Page 106
Story: Veiled (Ada Palomino 1)
***
The first rule of Hell is: don’t talk about Hell.
The more your brain wants to process where you are, the more your brain starts to leak out, like a draining bed pan. Your heart goes next, a gummy mess at the bottom of your shoe. Inconsequential. Then it’s your soul, siphoned from the marrow of everything you are.
I don’t know this yet, but I can feel it. I can feel Hell as one fathomless hungry beast, watching and waiting for me to just give in. I know this like the blood in my veins.
So I try not to think about where we are, I just keep moving through the streets, ignoring everything I see and hear.
Well, almost everything.
So far Hell has been disquieting. Jay and I do a fast walk down Fifth Avenue (the thick airless air holds us back from a run like an invisible hand), the dead weeds of Central Park to our right, the dark and silent buildings to our left. I get the creeping sensation, spiders up my spine, of being watched through all the windows. Sometimes I see a curtain pulled violently across a window, other times hear the sound of a door slamming but there is no one there. I’m reminded of Shakespeare: “Hell is empty and all the devils are here.”
But Hell isn’t empty. It’s an illusion, one to lull you with a false sense of security, the way a cat might lick you before it bites.
Slowly you start to hear the screams. At first they are in the distance, maybe blocks away. Short yelps of surprise. Then they turn to screams of absolute horror, someone being tortured over and over again. It comes closer.
And then it’s behind you.
A sharp inhumane scream that curdles your blood instantly, the type of scream that’s also a plea for it all to stop.

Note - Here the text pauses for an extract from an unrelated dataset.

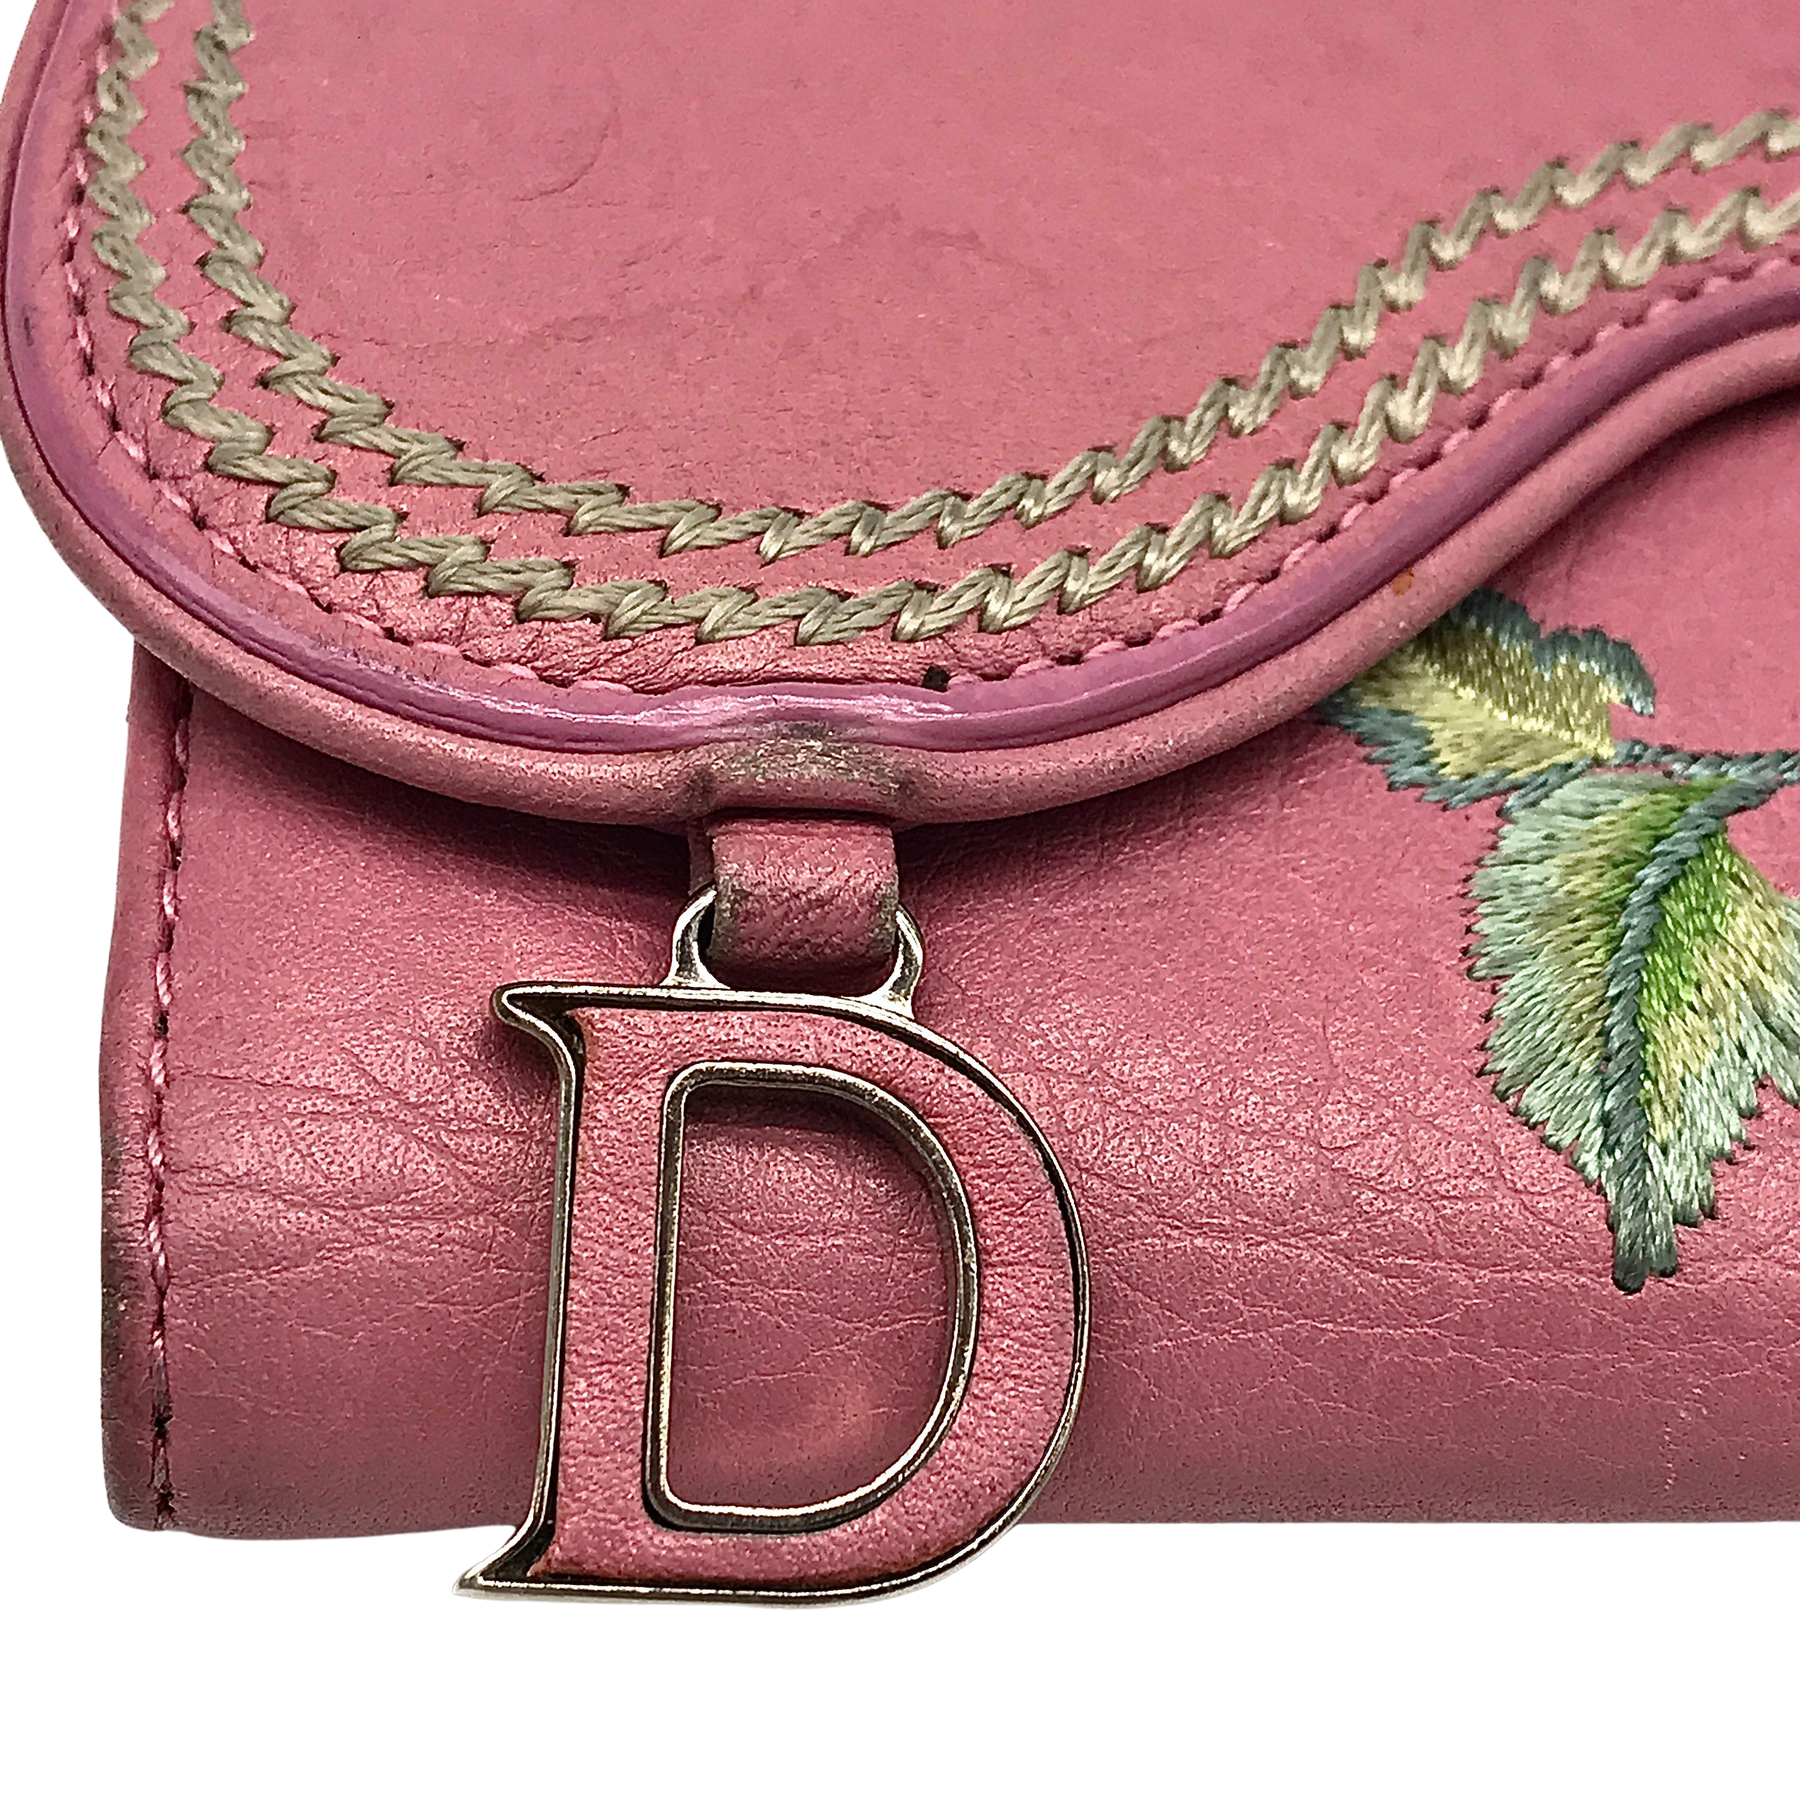 Dior, Bags, Authentic Christian Dior 6 Ring Key Holder

I whirl around, Jay grabbing me by the elbow to steady me, and see a little boy standing ten feet away from us. Big big eyes, bowl-cut hair, holding an old-fashioned doll with a cracked open head, the ones that roll open their eyes when you move them.
Why is a child in Hell? I think, my mind trying to wrap around the sight of innocence.
Jay hears me. That is not a child.
And the moment he says it, I know it.
The doll in his hands opens its eyes.
The boy smiles.
Wider and wider.
Splits his face in two.
Opens his mouth to let out a scream.
At the back of his throat, a long, thin hand comes out, skinny black fingers that belong to something charred.
I am caught, unable to look away as the child’s head splits open, his skull cracking into jagged rivets, just like his doll, and a bony, charred arm comes out, placing long fingers into the child’s eyes and gripping them like a bowling ball.
The creature starts to emerge.
We have to get going, Jay says, pulling me toward him.
I’m yanked helplessly, even though Jay is straining to pull me along.
Ada! he yells. Focus Ada. Think about your mother.
My mother. My mother.
I want to stay and look at the creature but I must think about my mother.
Jay leads me down the street until the creature is just a dot in the distance, then two dots going two separate ways. He grabs my shoulders and pulls me to him. One hand goes to my cheek.
Soft. His touch is soft.
Everything here is hard but he is soft.
Ada, he says and I’m reminded of the doll in the boy’s hands, the way Jay’s blue eyes seem made of marble, unseeing. You can’t lose it now. We are close but we’re running out of time. I can feel it. Focus. Focus.
I close my eyes, letting his touch soothe me, sink in beyond the skin, fusing us together as we should be fused.
He feels good.
He always feels good.
Feels.
I feel.
I am alive.
I don’t belong here.
My eyes snap open. My gut churns with tiny pinpricks. I feel like I’ve been seconds away from going over the edge of a cliff and he’s pulled me back just in time.
Oh my god, I cry, trying to get my brain back on track.
He can’t hear you, is Jay’s answer. Come on. You said the station at fifth and fifty-third, right?
I nod quickly. We hurry down the street again and I do my best to ignore the sights that this New York has to offer.
I wonder what Hell’s Kitchen is like here.
Is that a joke? Jay asks, peering down at me as we walk, sweat streaming down his plastic face.
I’m not sure. I don’t know what’s funny anymore.
I can’t remember what laughter is.
Call for your mother, he tells me, grabbing my hand and pulling us across the street. A bike messenger speeds past in a hurry, no helmet, the back of his skull blasted open and his brains trailing behind him like streamers.